Directions for this task — Retype, exactly and with both ends included, the lines below from the one containing "May 22, 2023;" through the end; omit the pictures.

Material provided —
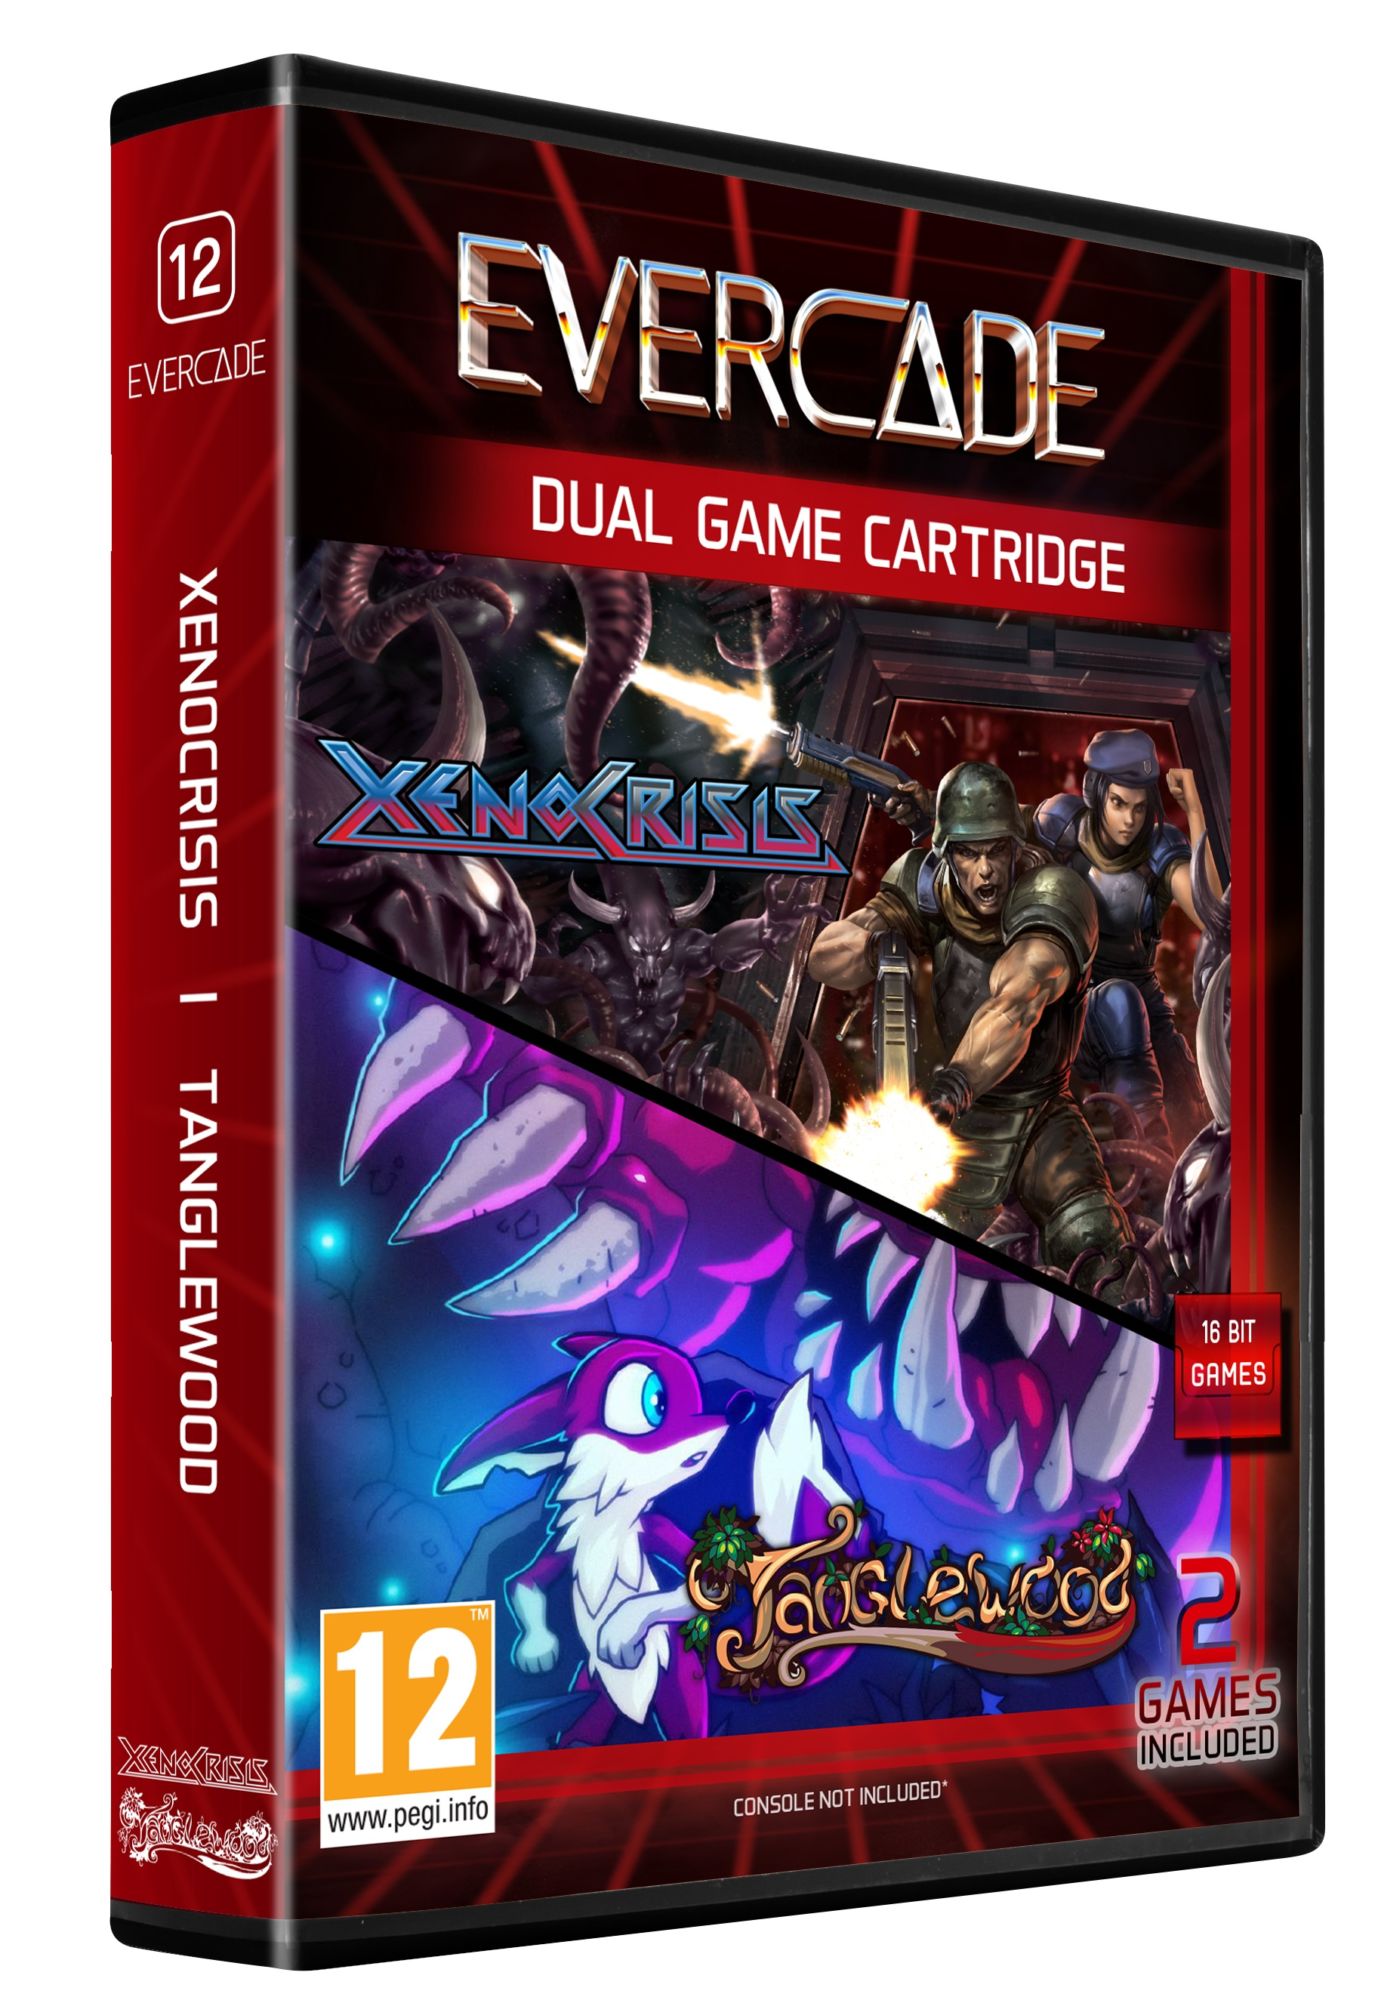 Evercade library grows stronger with a Tanglewood/Xeno Crisis dual cartridge
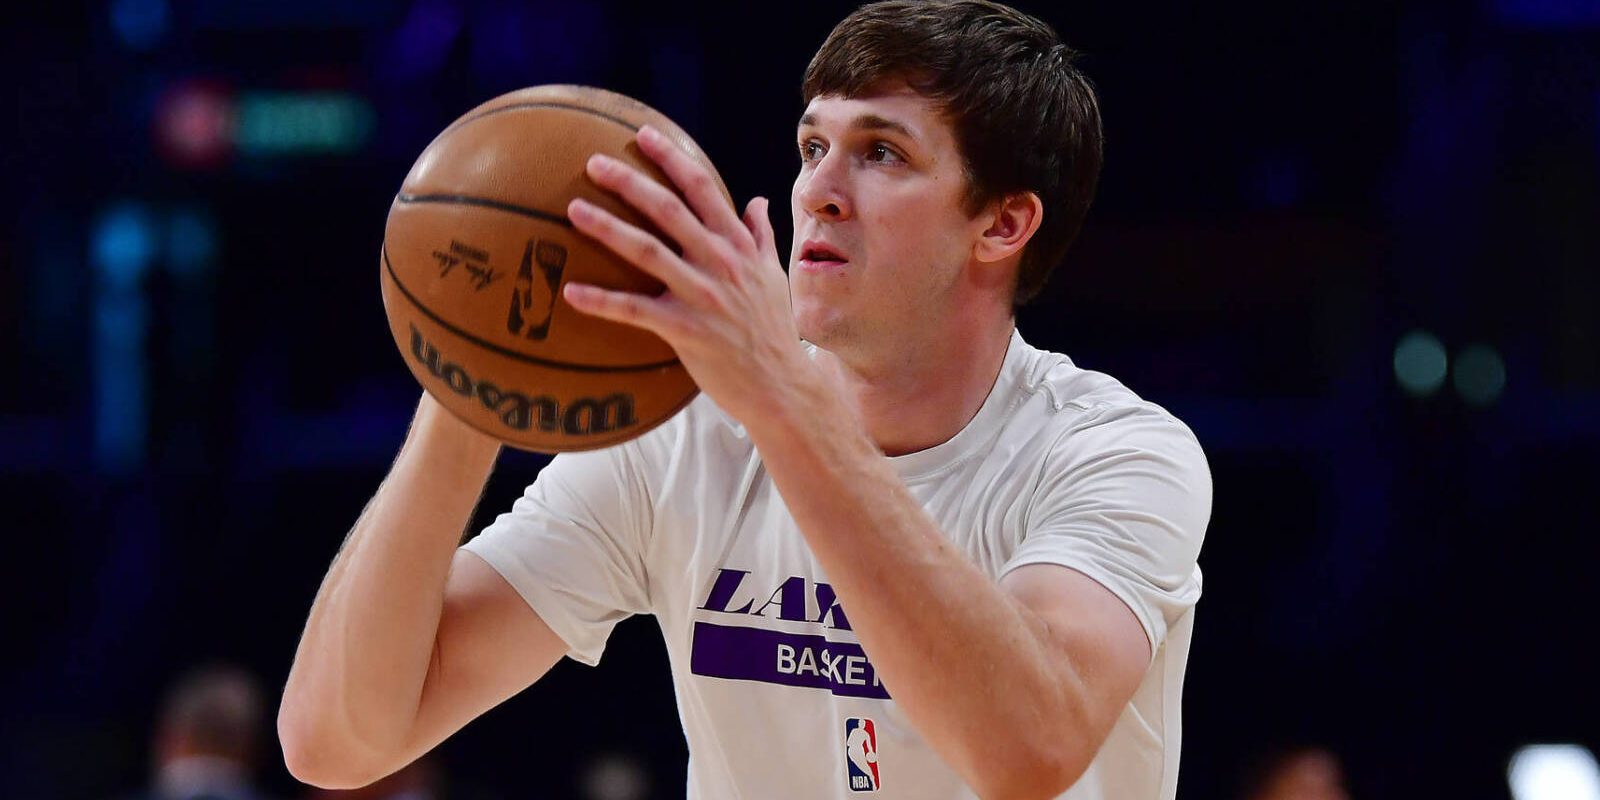 May 22, 2023; Los Angeles, California, USA; Los Angeles Lakers guard Austin Reaves (15) practices before playing against the Denver Nuggets in game four of the Western Conference Finals for the 2023 NBA playoffs at Crypto.com Arena. Mandatory Credit: Gary A. Vasquez-USA TODAY Sports
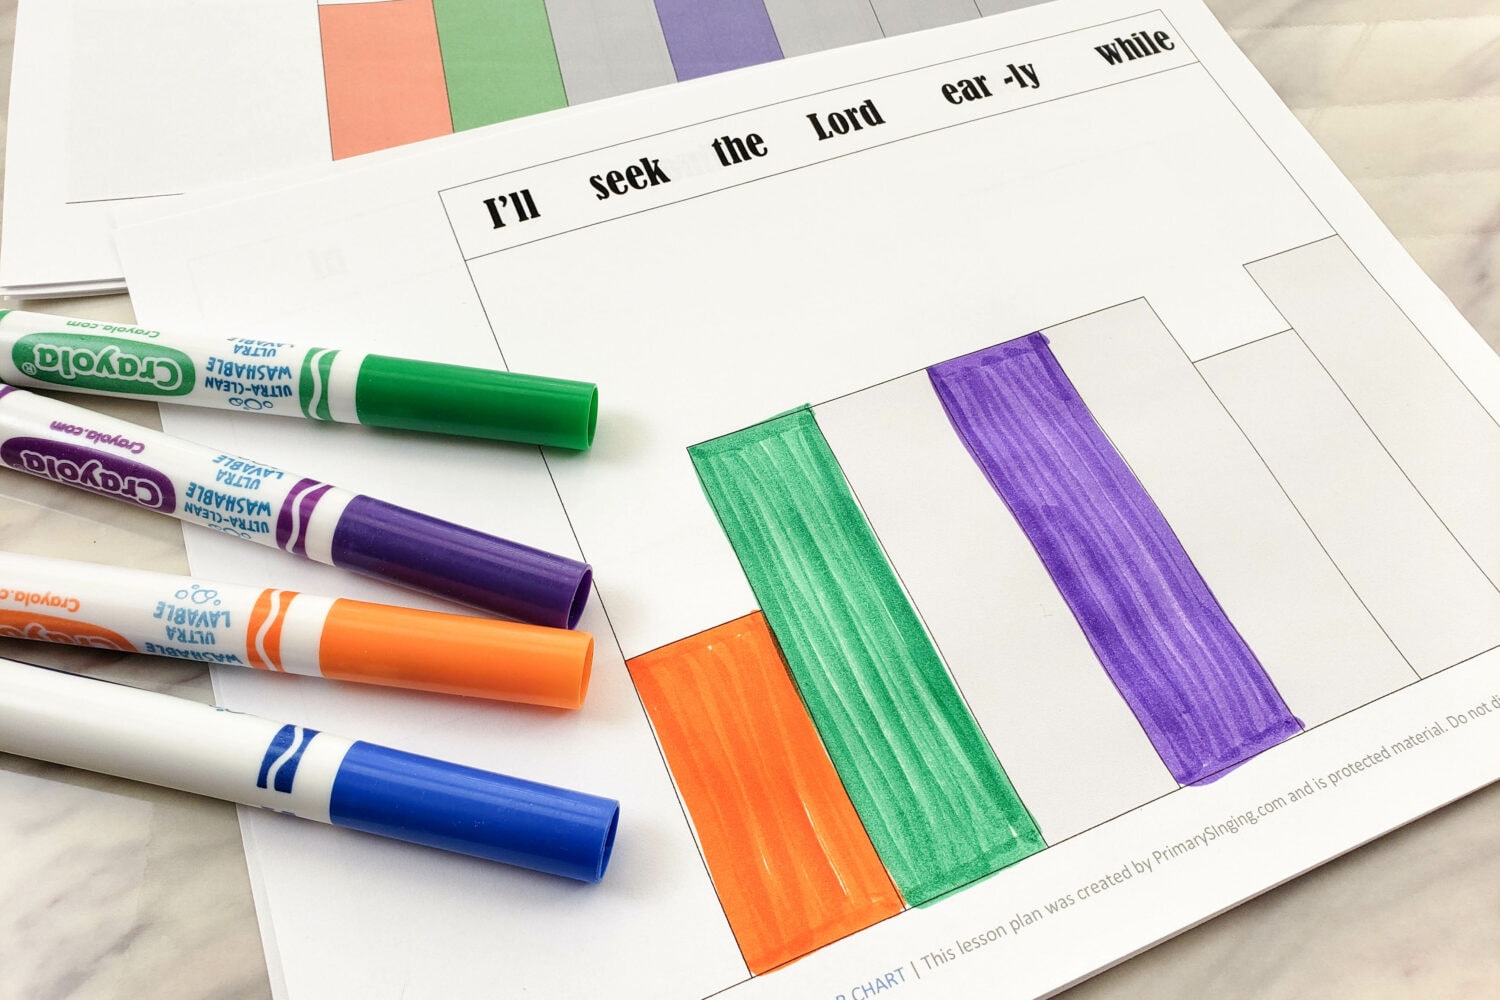 Seek the Lord early coloring bar chart fun singing time idea for LDS Primary music leaders

Answer to the problem —
 May 22, 2023; Los Angeles, California, USA; Los Angeles Lakers guard Austin Reaves (15) practices before playing against the Denver Nuggets in game four of the Western Conference Finals for the 2023 NBA playoffs at Crypto.com Arena. Mandatory Credit: Gary A. Vasquez-USA TODAY Sports
 Seek the Lord early coloring bar chart fun singing time idea for LDS Primary music leaders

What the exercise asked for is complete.